A year ago, with the U.S.—and global—economy mired in a deep recession, and the imaging and imaging informatics industries shadowed with concern over a variety of unresolved policy and reimbursement questions, the atmosphere at the RSNA Conference felt rather shaky. I remember comparing it to the atmosphere of Vienna prior to the previous turn of the century of 120 years ago, as described in the book “A Nervous Splendor: Vienna, 1888-1889,” by Frederic Morton.
Among other things, the recession had caused hospitals to pull back on purchasing new PACS and RIS systems; the fact that imaging informatics was not explicitly addressed in the interim final rule on meaningful use under the HITECH Act had created an immediate falloff in interest in PACS and RIS among CIOs and other healthcare IT leaders; the imaging modality market, for all its innovations, had become largely saturated at the same time the PACS/RIS market had become saturated and undynamic; and above all hung questions over the federal healthcare reform legislative process and the ongoing SGR physician-payment crisis. In such an environment, it was hard to see many “ups.”
Fast-forward a year, and RSNA felt slightly different—if not wildly different—this year. From everything we’re hearing, contracts are up slightly for the purchase of PACS and RIS systems; healthcare reform legislation, though still politically embattled, had at least passed Congress and given everyone some sense of overall federal healthcare policy priorities and parameters; and though the SGR drama continues, at least we now have some sense of what the political environment on Capitol Hill will be for the time being, following the mid-term elections in November.
What’s more, somehow everything just seems like a “new normal,” with the healthcare industry, despite all its challenges, evolving forward, as always. In that context, honestly, a 2-percent increase in attendance over last year (56,574, as of Tuesday, versus 55,403 as of the Tuesday of last year’s conference) doesn’t really seem like a bad turnout at all.
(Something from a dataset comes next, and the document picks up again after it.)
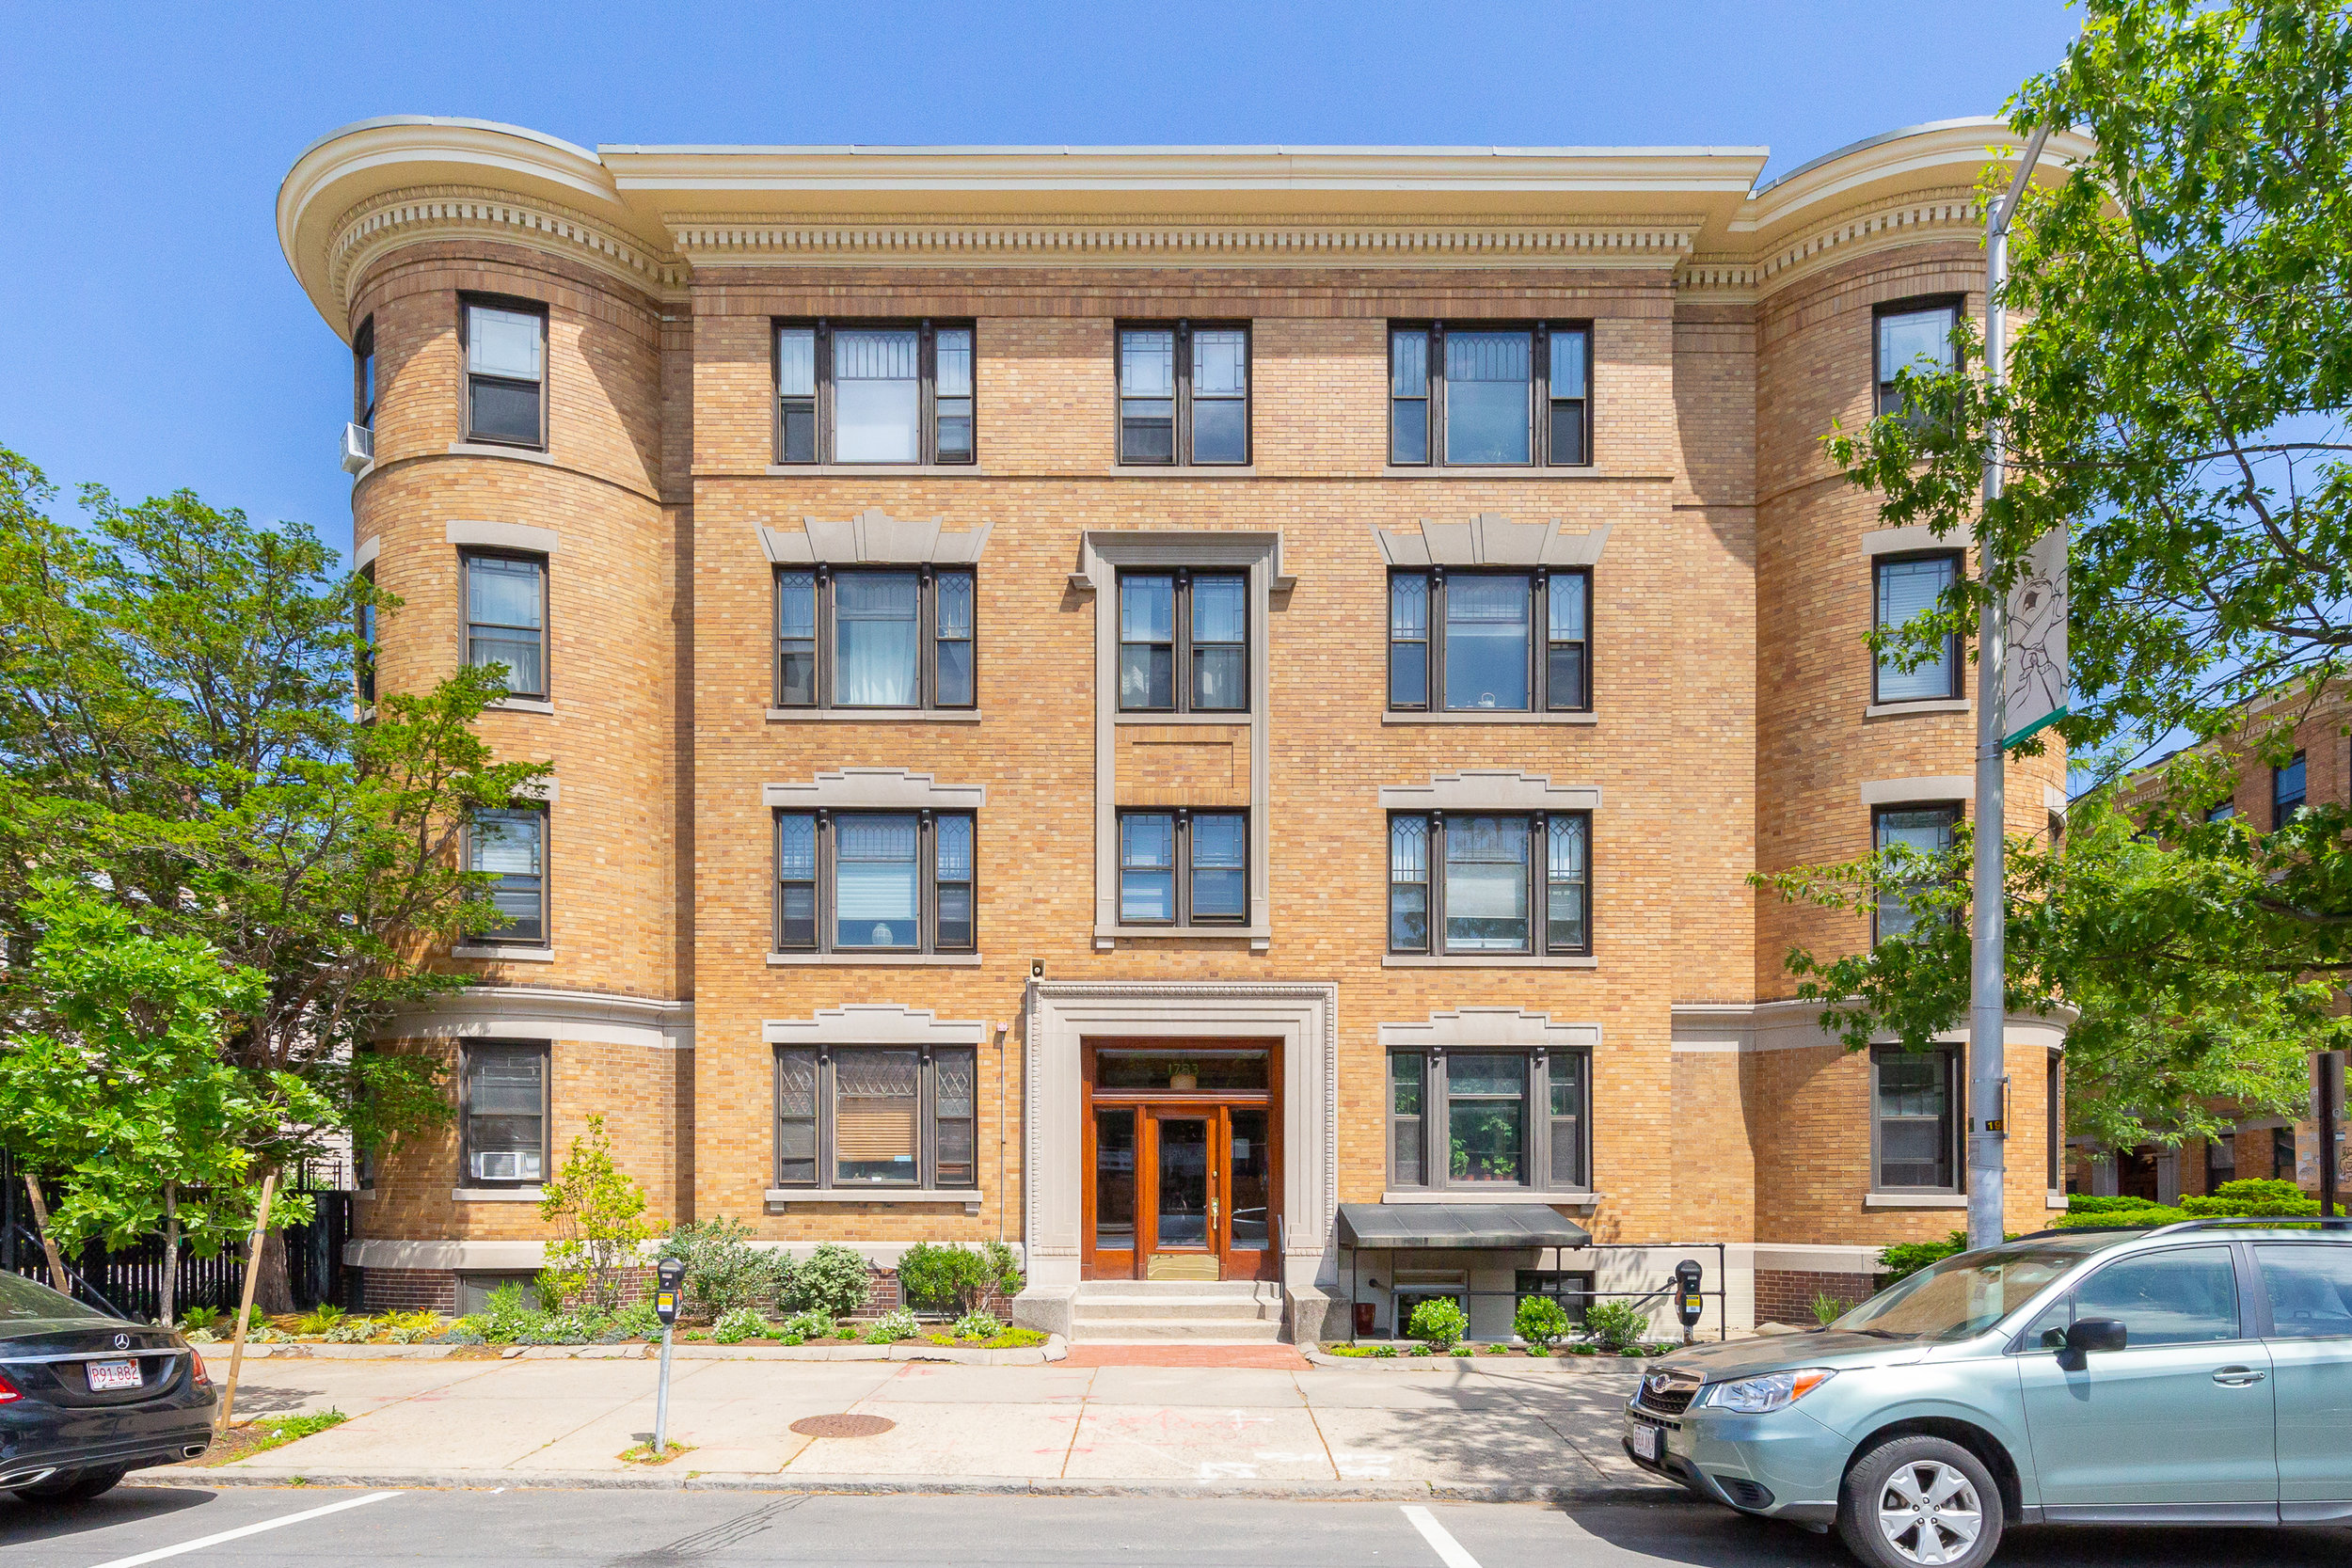 1783 Massachusetts Ave, Cambridge, MA_Property-Precision-4.jpg

Meanwhile, interesting discussions seemed to be popping up all over the place, particularly around such topics as image mobility/universal image availability, 3D visualization and the resulting need for a storage infrastructure overhaul, and the place of imaging informatics in health information exchange. And even though imaging IT was not specifically addressed in the final rule for stage 1 of meaningful use, there is always the possibility that, whether explicitly addressed in stages 2 and 3 or not, the integrality of images to overall clinical computing will inject more energy into imaging informatics going forward. My conversations with CIOs, radiologist leaders, and consultants convince me that there will be enough incentive for vendors to turn their focus to optimizing the efficiency and physician-centeredness of imaging and informatics processes. In that regard, it will be interesting to hear what the discussions are like at RSNA 2011.